Words From a Traveler Amidst Corona Hysteria
It’s an odd time to be a traveler, especially one who does it for a living.
In normal circumstances, people often ask me what it’s like to travel so much. “What’s your favorite part? Does it ever get old? Do you love it as much as it looks on social media?” But these questions of wonder often morph into questions of concern.
“How do you manage being alone in other countries? Aren’t you terrified?” And sometimes just to make a point, I’ll ask “Terrified of what?”
They usually ask about things like, “Airplane crashes? Getting robbed? Diseases?” or my personal favorite, “Terrorist attacks?”
And in my response, I’ll usually ask the questioner a few questions as well.
“Well. Aren’t you terrified?” When they ask why, I respond with, “Of going to the movies? Or to a concert? Or to church? Or simply getting in your car and driving to work… where the possibly of getting in a car crash, being involved in a shooting, or contracting millions of germs are ever-present?”
I have adopted a mentality that fear is but a word we use to stop us from doing things. And while it is often useful, keeps us safer, or urges us to react when we absolutely need to react, it can also keep us dormant, uninvolved, or in constant states of worry. I decided a long time ago that the fear of death, uncomfort, or failure do not keep me from living, leaving my comfort zone, or striving for success.
There is nothing to fear but fear itself. -FDR
But in the last few weeks, as mass hysteria concerning the coronavirus has swept the globe, other people’s fears have been slightly derailing me and perhaps even made me a little hypocritical.
I have been nervous about traveling, not necessarily of contracting the disease or any other for that matter, but of the consequences of my travel.
First, there is how people treat me in other countries because I’ve brought my germs there, or even more so, how people react to me at home in between trips. I have cleared the space around me over the last few weeks by simply sneezing. Yes, beware the traveler and his foreign germs.

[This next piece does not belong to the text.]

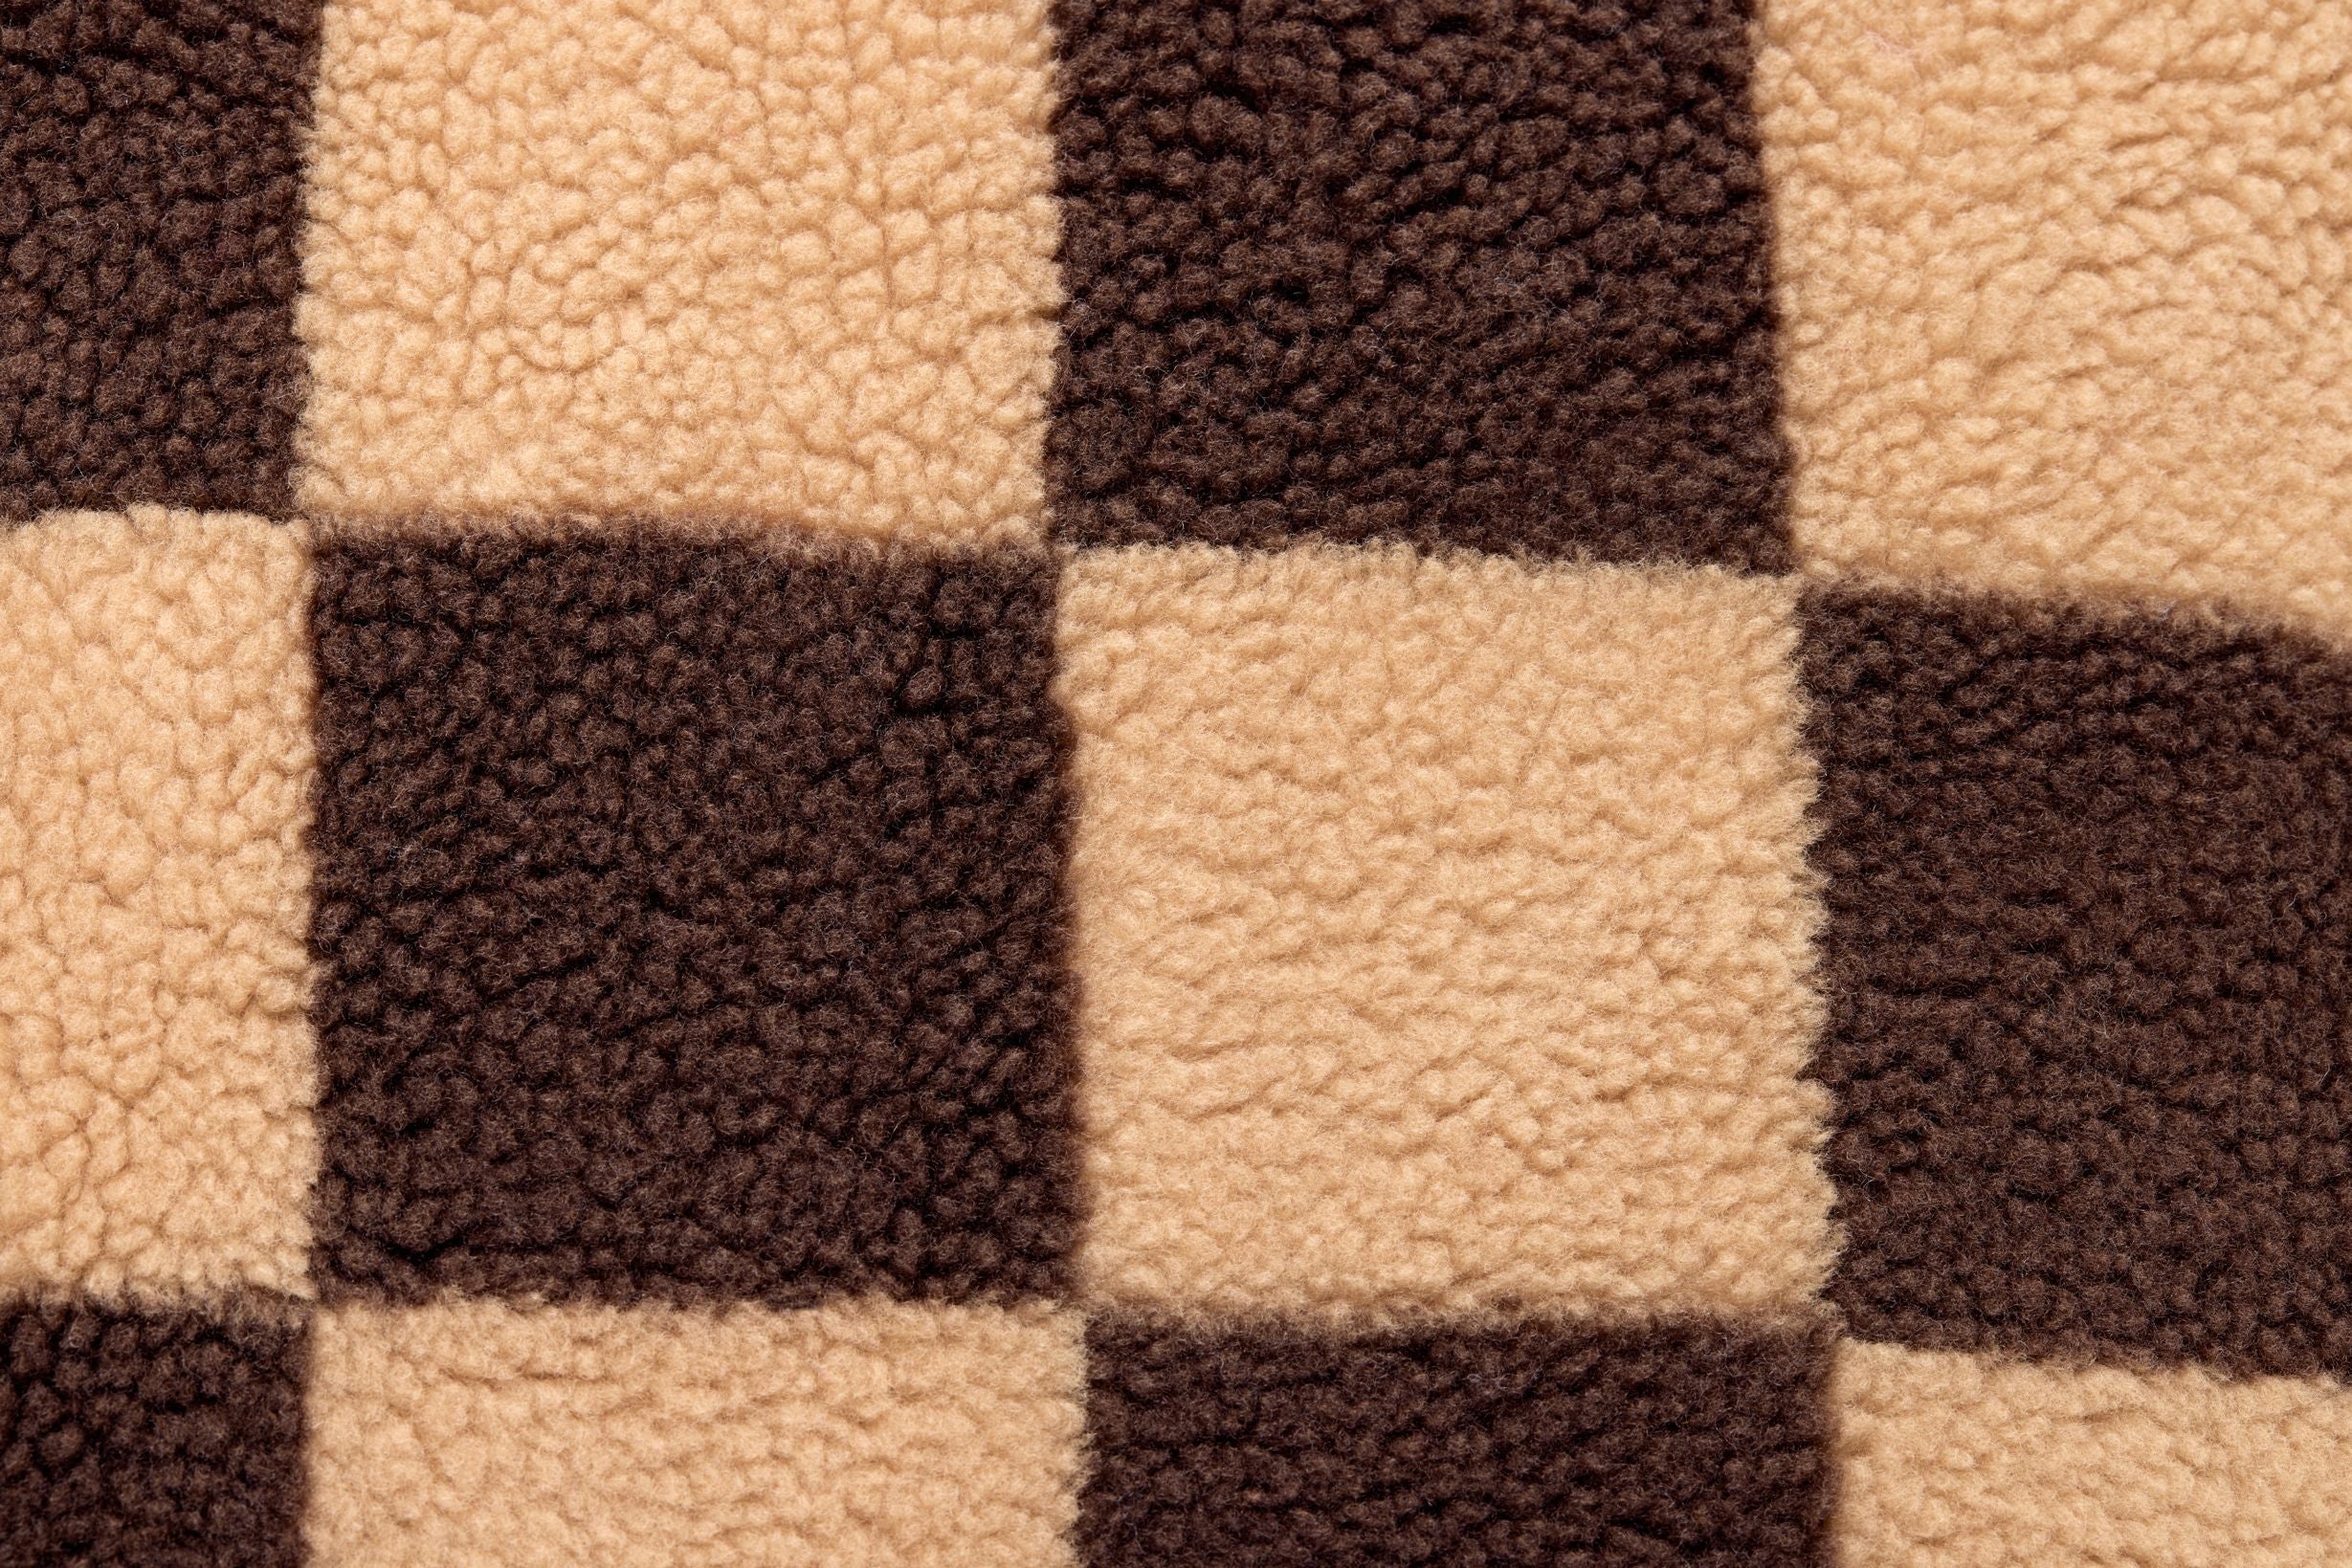 Fatboy Square Pillow Teddy Chess, Brown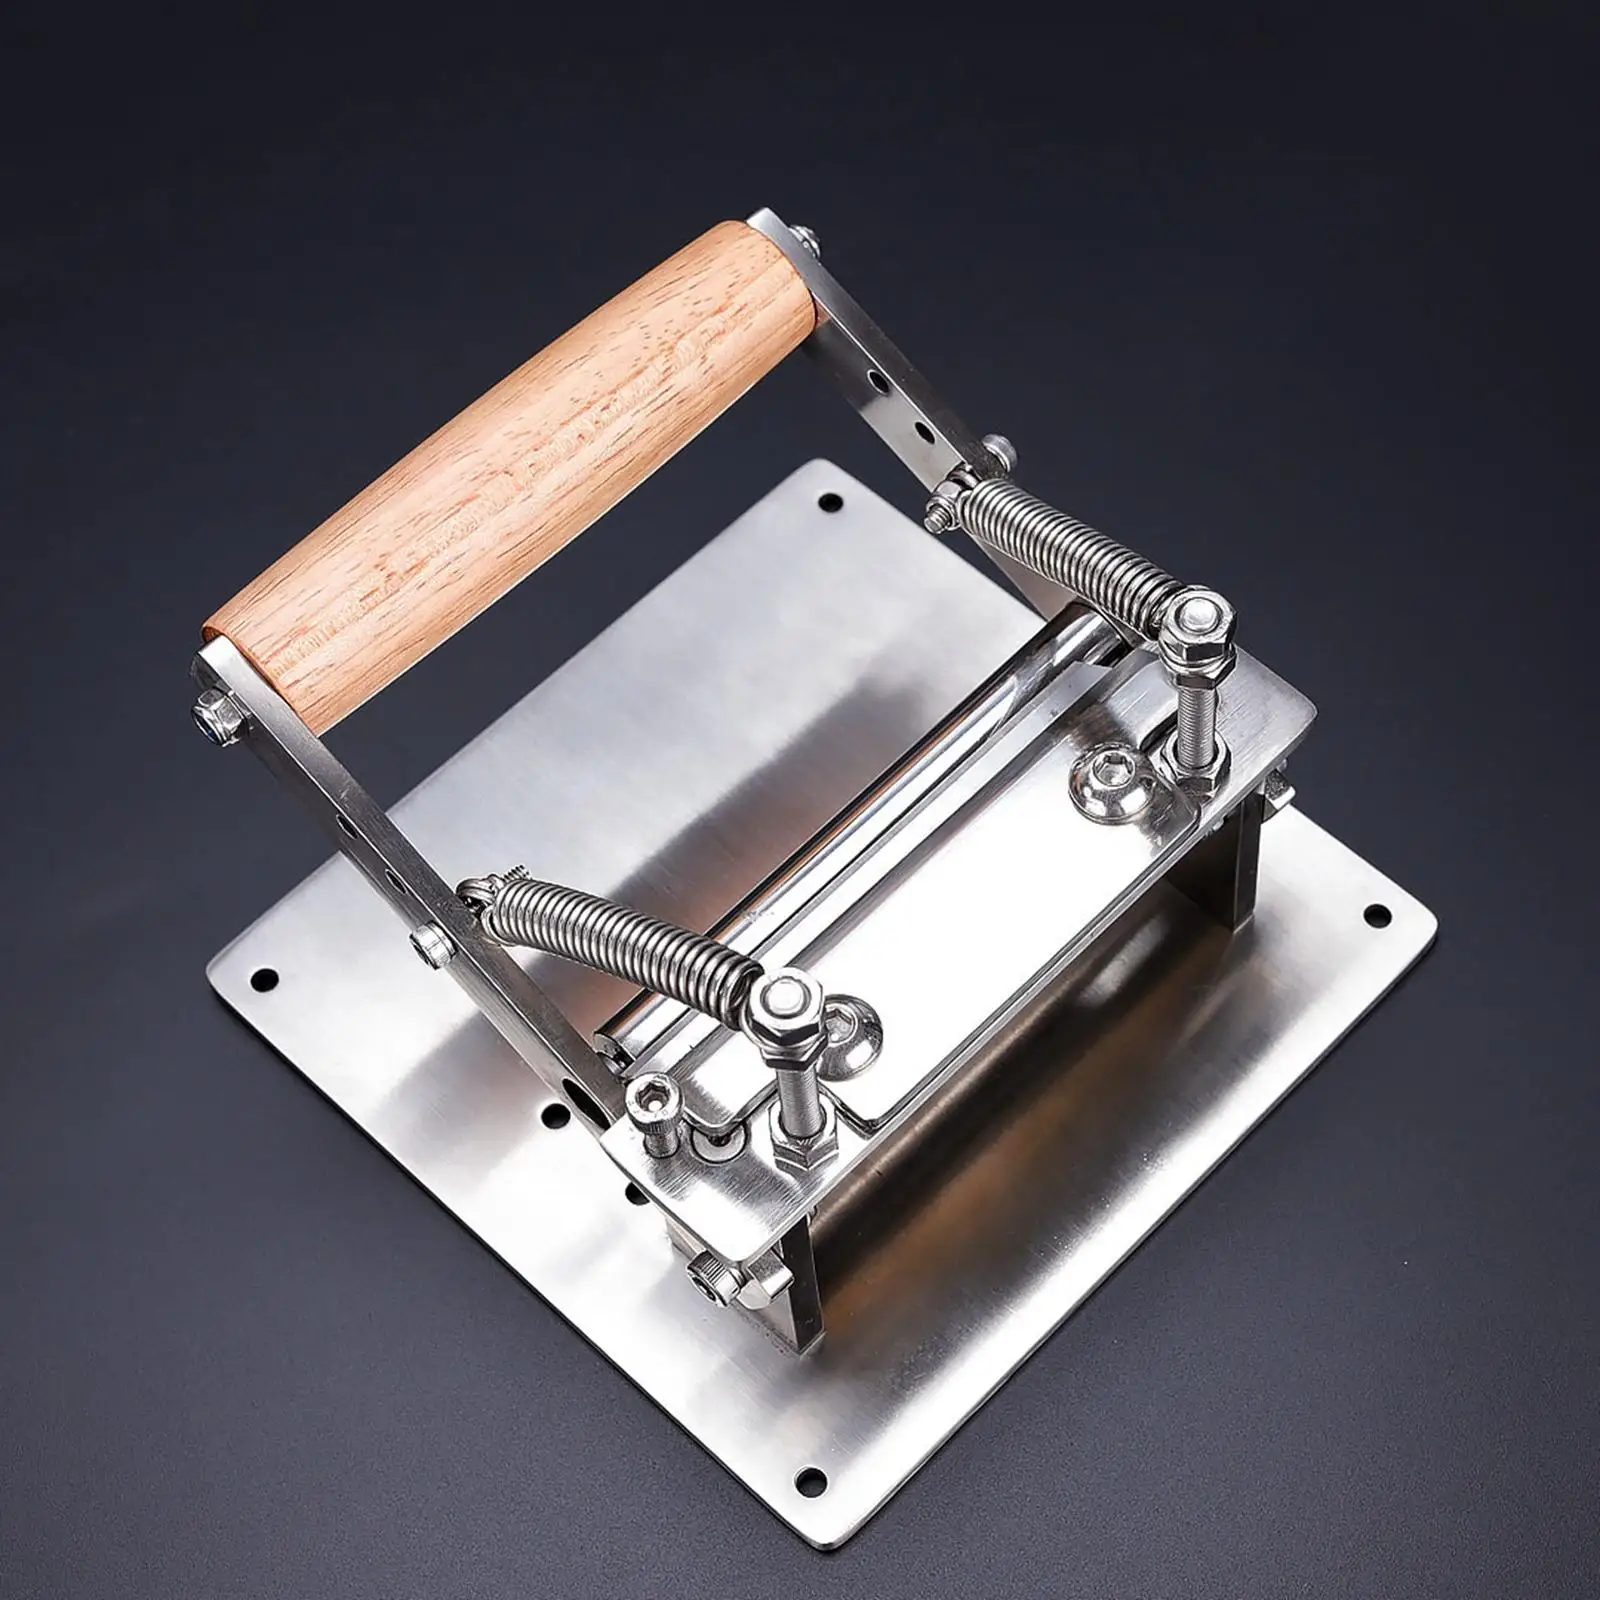 Manual Leather Peeling Machine Leather Thinner Leather Skiver Hand Tool

Even though that might sound frivolous, I can see there is kind of justification to it. I’m a 20-something with a decent immune system. I could be carrying some pretty potent stuff for someone who isn’t that lucky.
I’ve also been nervous of having to come home early, getting detained at airports, or my biggest concern, being told I cannot travel for a long time, which not only affects my job, but my happiness. Traveling is the thing I love most. This fear has been amplified over the last few days as I have heard of travel bans and the decisions for my office to work from home.
While in India about four weeks ago, the main airport was something out of a movie. Over 75% of the people (travelers and workers alike) were wearing masks. At boarder control, the officers would examine everyone’s documents, stamp the page, return the passport, and then immediately use hand sanitizer. Every. Single. Time.
In Africa two weeks ago, at one of the airports, an officer had to watch each of the plane’s passengers thoroughly use sanitizer on their hands and arms before they were permitted to enter the building.
I have seen several friends in my field post that they, too, have had to cancel travel plans, while also knowing that my office has canceled a few trips as well.
I get messages and comments daily from family, friends, coworkers, and random people about my health, which is comforting that people care about me, but unnerving that this virus has caused such a cloud of concern.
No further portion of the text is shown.